Purpose : We recently used pattern recognition analysis to show macula areas can be classified into statistically distinct clusters in accordance to their age-related retinal ganglion cell layer (RGCL) thickness change in a normal population. The aim of this study was to perform a retrospective cross-sectional analysis utilizing a large cohort of patients to establish accuracy of this model and to develop a normative dataset using a 50-year-old equivalent cohort.

Methods : Data was collected from patients seen at the Centre for Eye Health for optic nerve assessment without posterior pole disease. The grid-wise RGCL thickness was obtained from a single eye of each patient via Spectralis OCT macular scan over an 8×8 measurement grid. Measurements for patients outside the 45-54 age range (training cohort) were converted to 50-year-old equivalent value utilizing pattern recognition derived regression model which, in brief, consists of 8×8 grid clustered into 8 distinct classes according to the pattern of RGCL thickness change with age. Accuracy of the predictions was assessed by comparing the training cohort’s measurements to the 45-54 year reference cohort using t-test and one-way ANOVA.
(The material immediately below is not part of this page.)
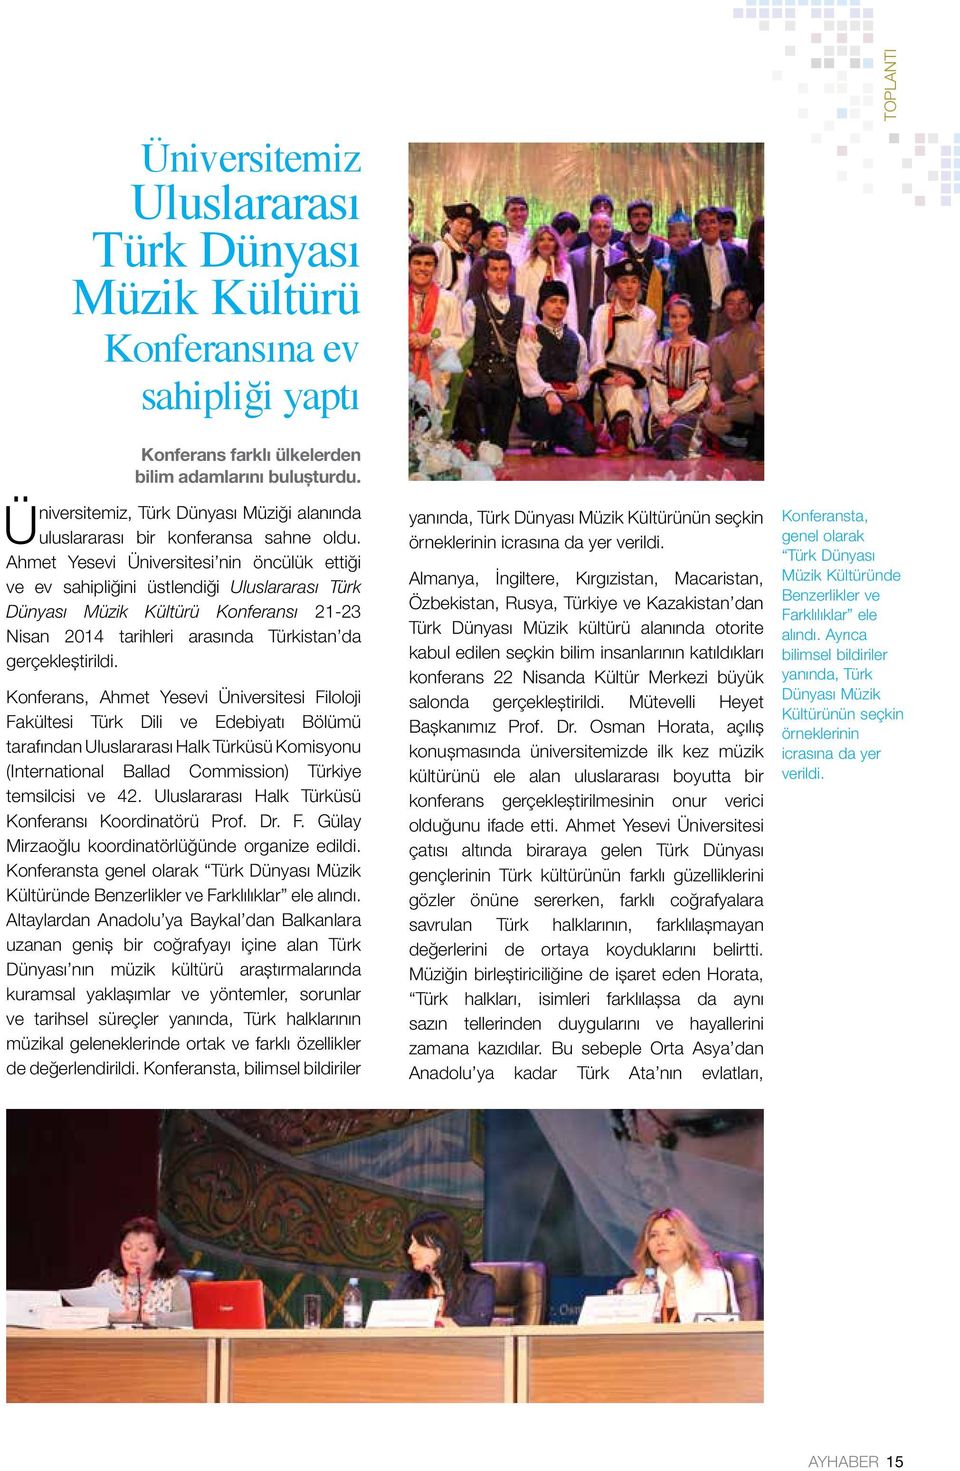 Ahmet Yesevi Üniversitesi nin öncülük ettiği ve ev sahipliğini üstlendiği Uluslararası Türk Dünyası Müzik Kültürü Konferansı 21-23 Nisan 2014 tarihleri arasında Türkistan da gerçekleştirildi.

Results : Data were collected from a total 248 patients aged 20 to 78.1 years. 80 patients within this group were aged 45 – 54 and formed the reference cohort (average±SD 49.6±2.83) and the remaining 168 eyes formed the training cohort (average age±SD 50.7±17.34). Converted values for the training set matched those of the reference cohort (average disparity±SD 0.10±0.42µm, range -0.74-1.34µm) and were not significantly different (p > 0.9). Most variability was observed with patients above 70 years of age (average disparity±SD -0.09±1.73µm, range -3.67 to 6.16µm) and central grids corresponding to the fovea (average disparity±SD 0.47±0.72µm, range -0.22 to 1.34µm).
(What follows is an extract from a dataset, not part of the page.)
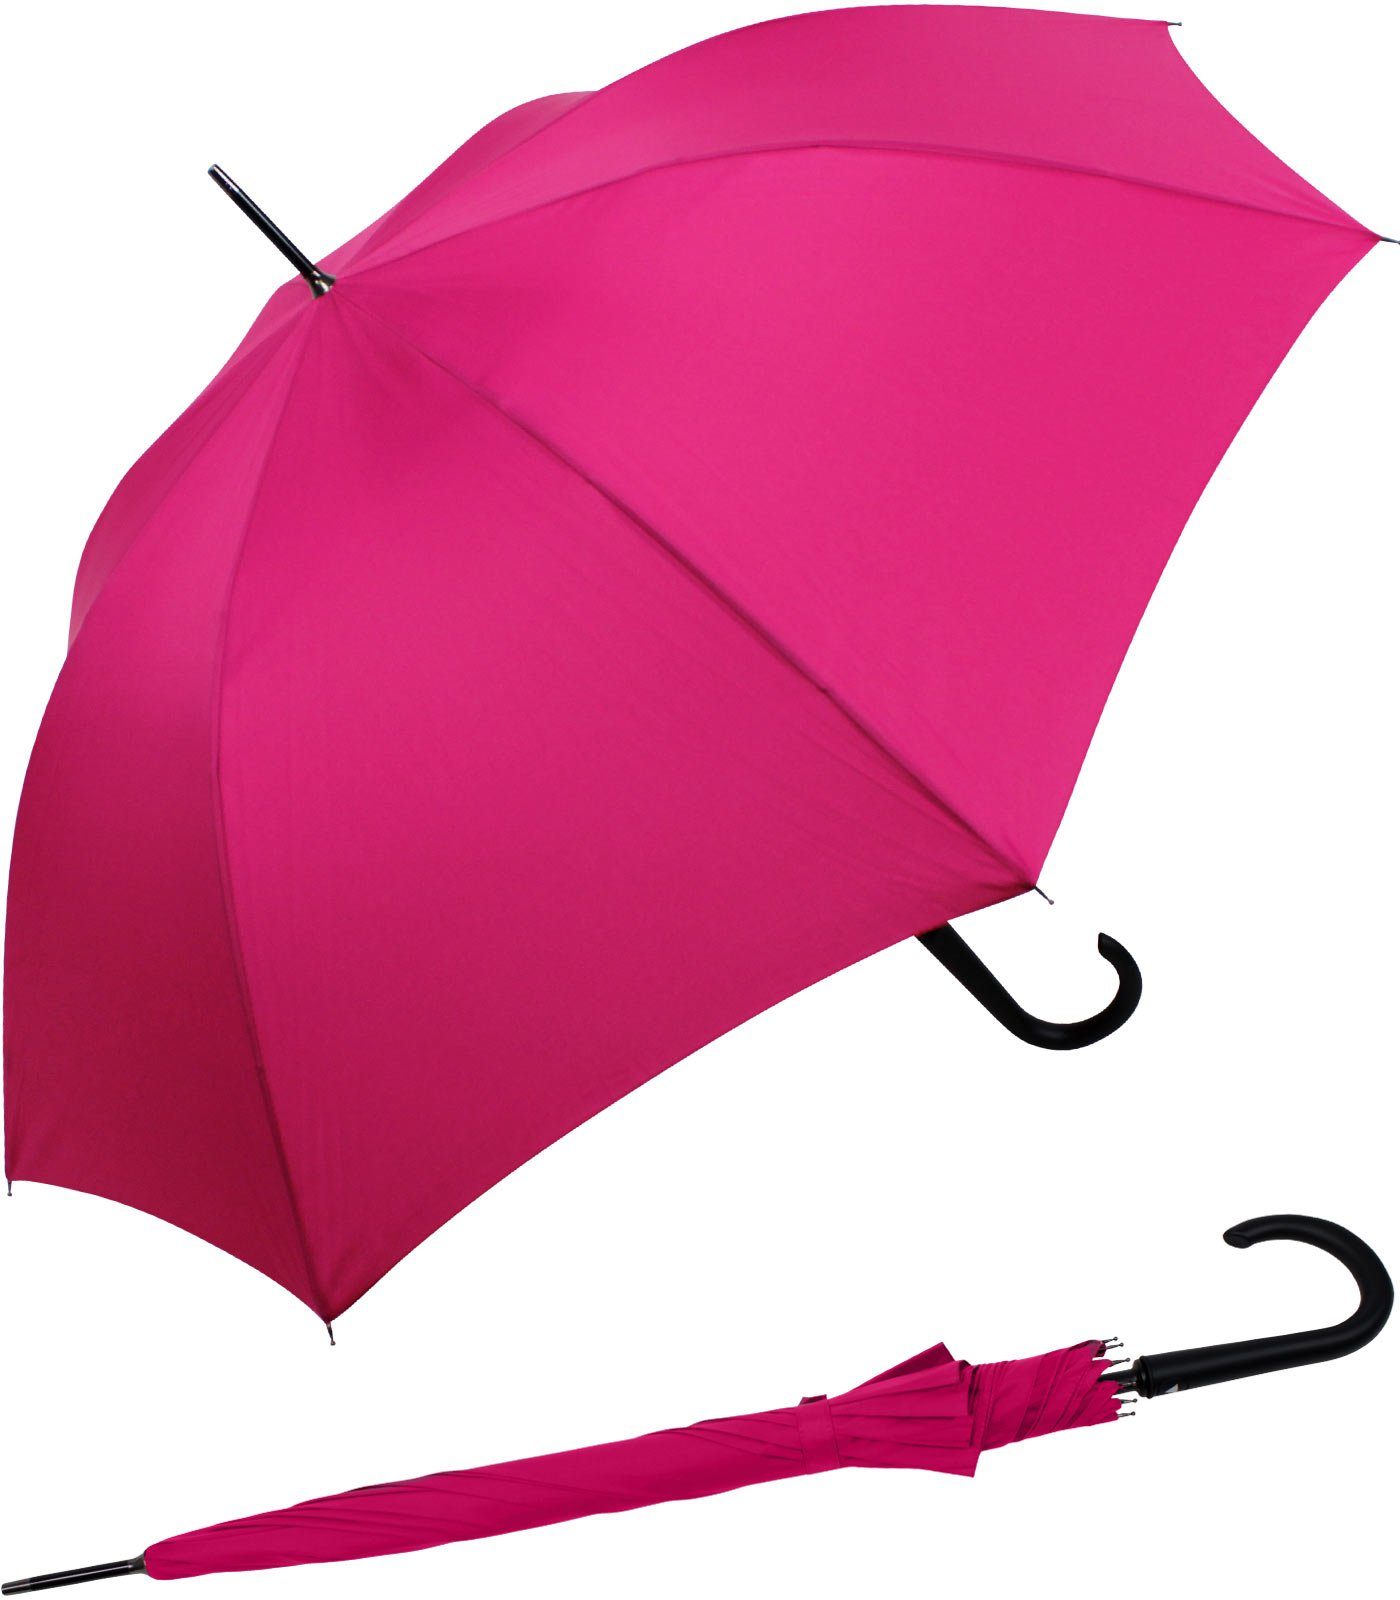 Schlussverkauf RS-Versand Langregenschirm großer stabiler Regenschirm pink mit Auf-Automatik, Stahl-Fiberglas-Gestell, Auslöseknopf integrierter

Conclusions : Our regression model for normal age-related RGCL change can accurately convert and/or predict RGCL thickness for individuals in comparison to 50-year-equivalent reference cohort and could allow for more accurate assessment of RGCL thickness and earlier detection of significant loss in the future. Caution may be needed when applying the model in the foveal area or for patients older than 70 years.

This is an abstract that was submitted for the 2017 ARVO Annual Meeting, held in Baltimore, MD, May 7-11, 2017.